The data:
┌──

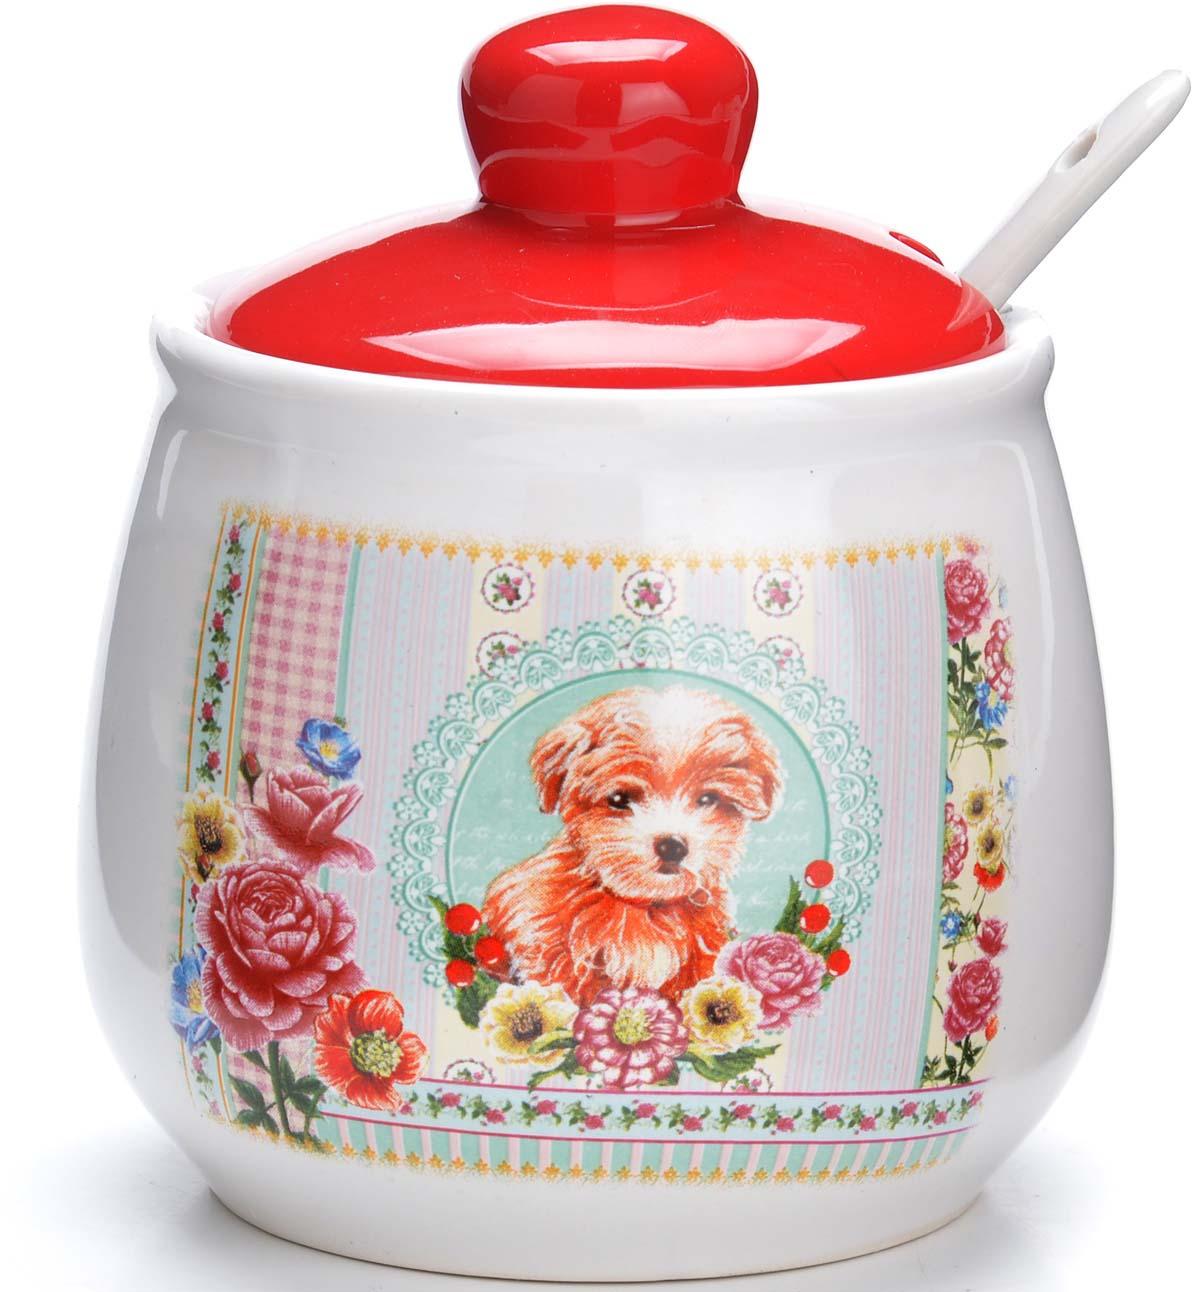 Сахарница Loraine Собачки, цвет: белый, голубой, розовый, 400 мл. 94969 сахарница rosanna good doggie цвет белый золотистый
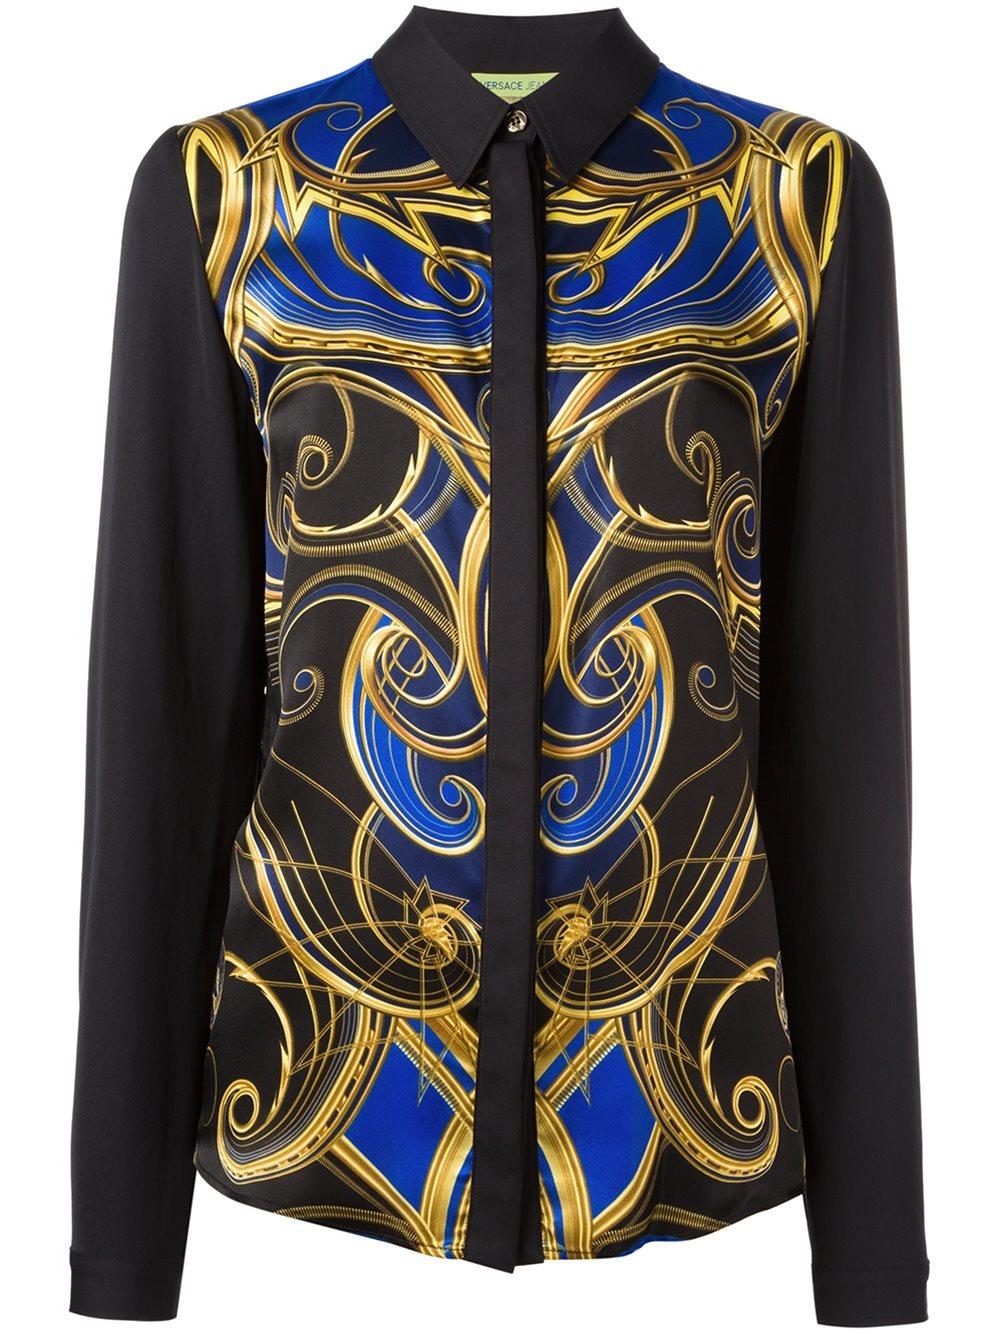 Versace jeans ornate print shirt lyst for Versace t shirts women
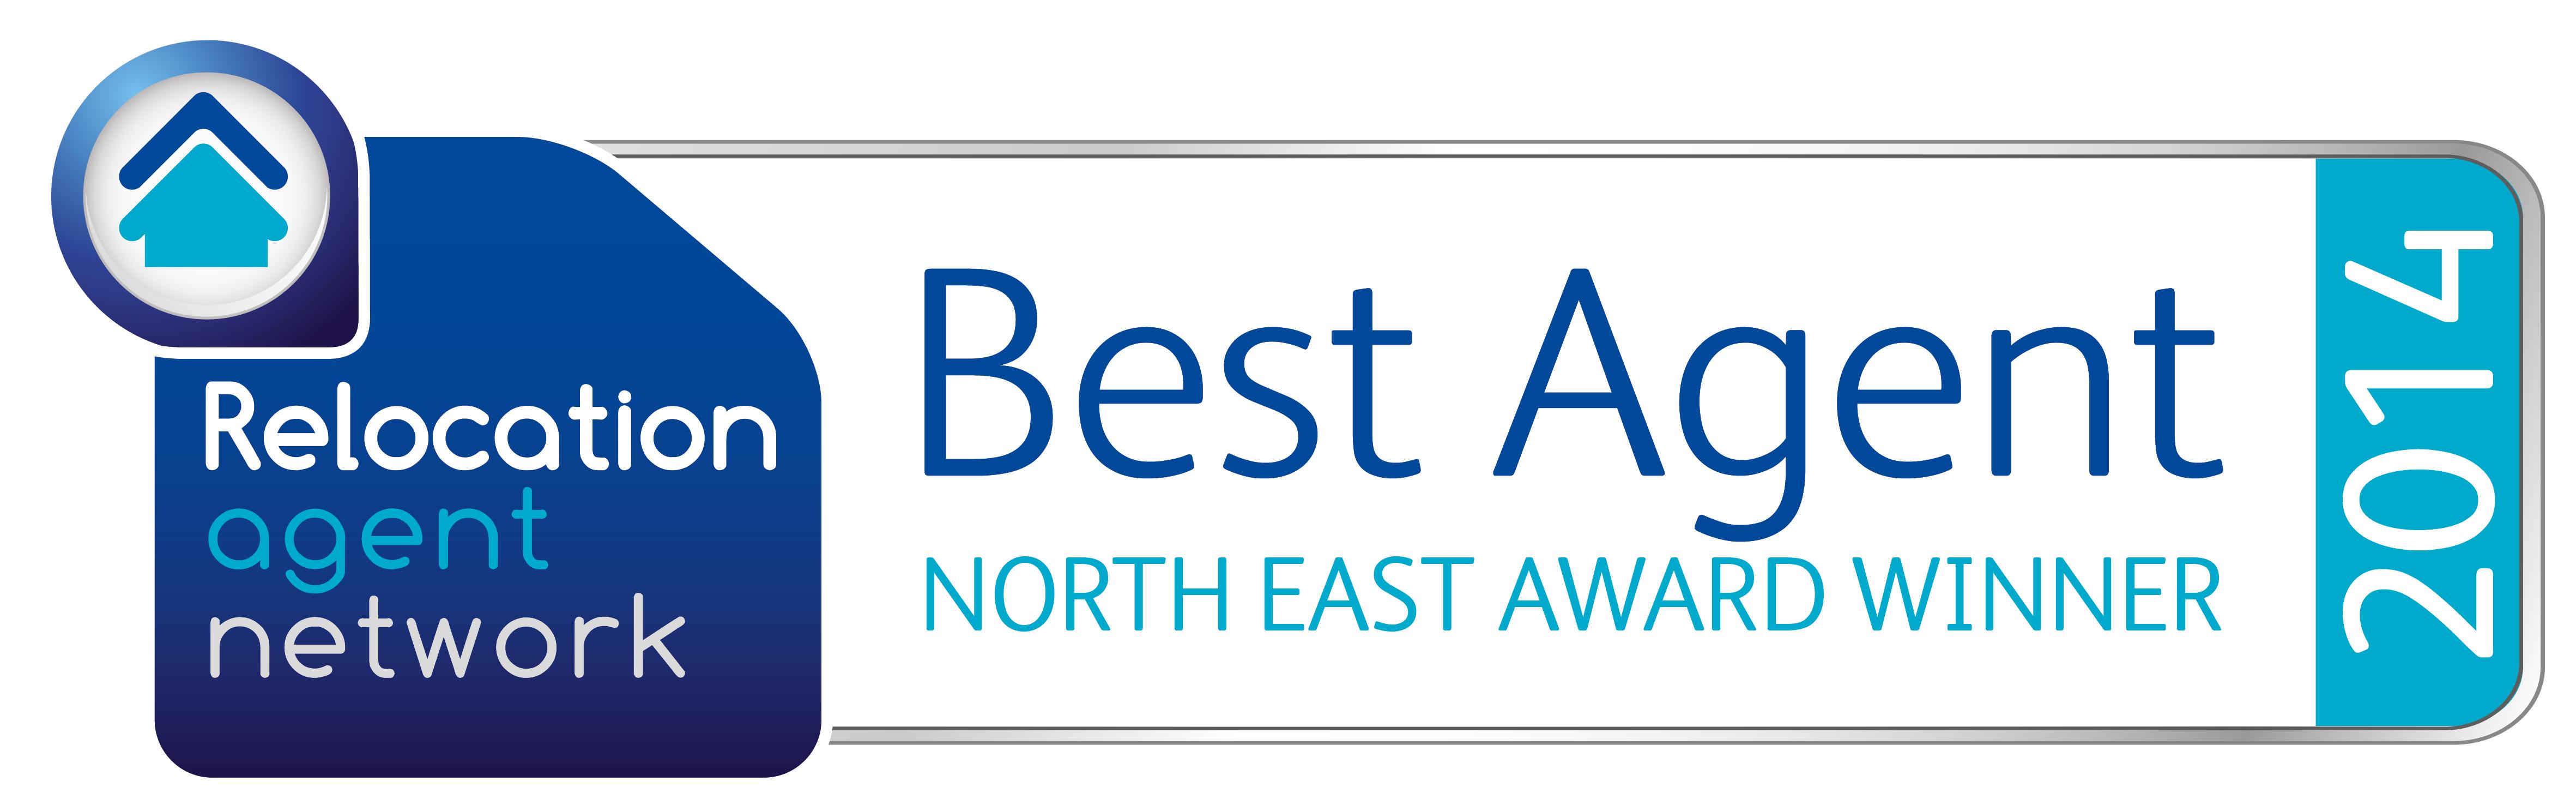 Relocation Agent Network Winner 2014
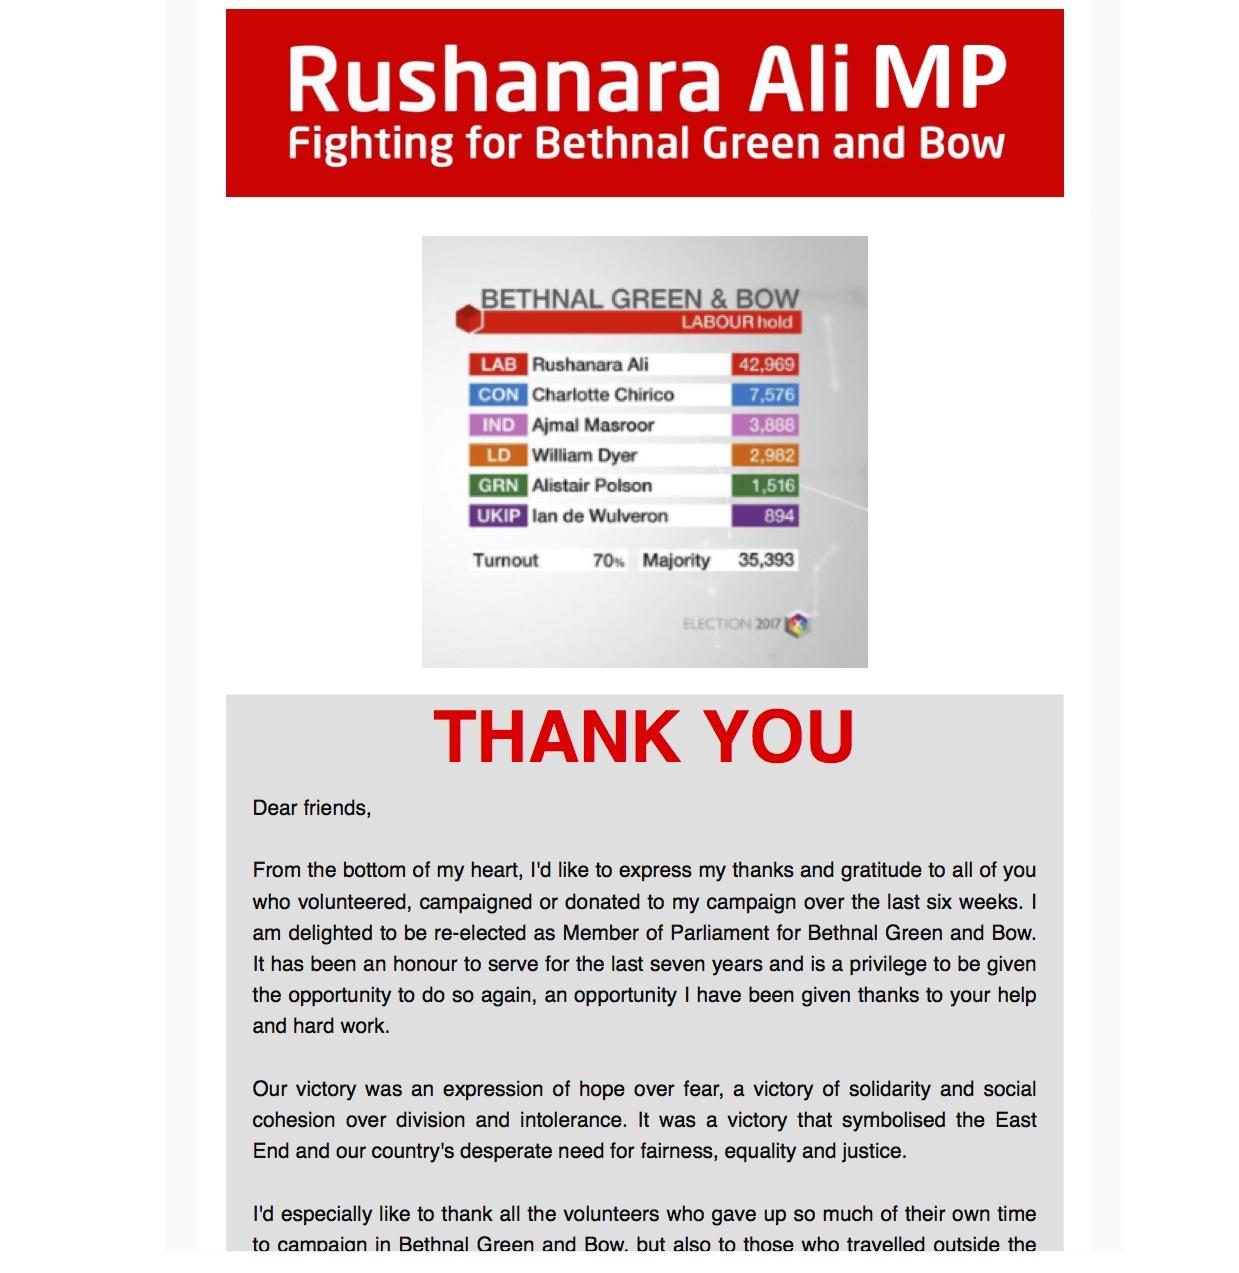 Rushanara_Thank_You_Mailout1.jpg

└──

Action item:
In copying the material, drop all pictures and keep everything else identical.

Task answer:
 Сахарница Loraine Собачки, цвет: белый, голубой, розовый, 400 мл. 94969 сахарница rosanna good doggie цвет белый золотистый
 Versace jeans ornate print shirt lyst for Versace t shirts women
 Relocation Agent Network Winner 2014
 Rushanara_Thank_You_Mailout1.jpg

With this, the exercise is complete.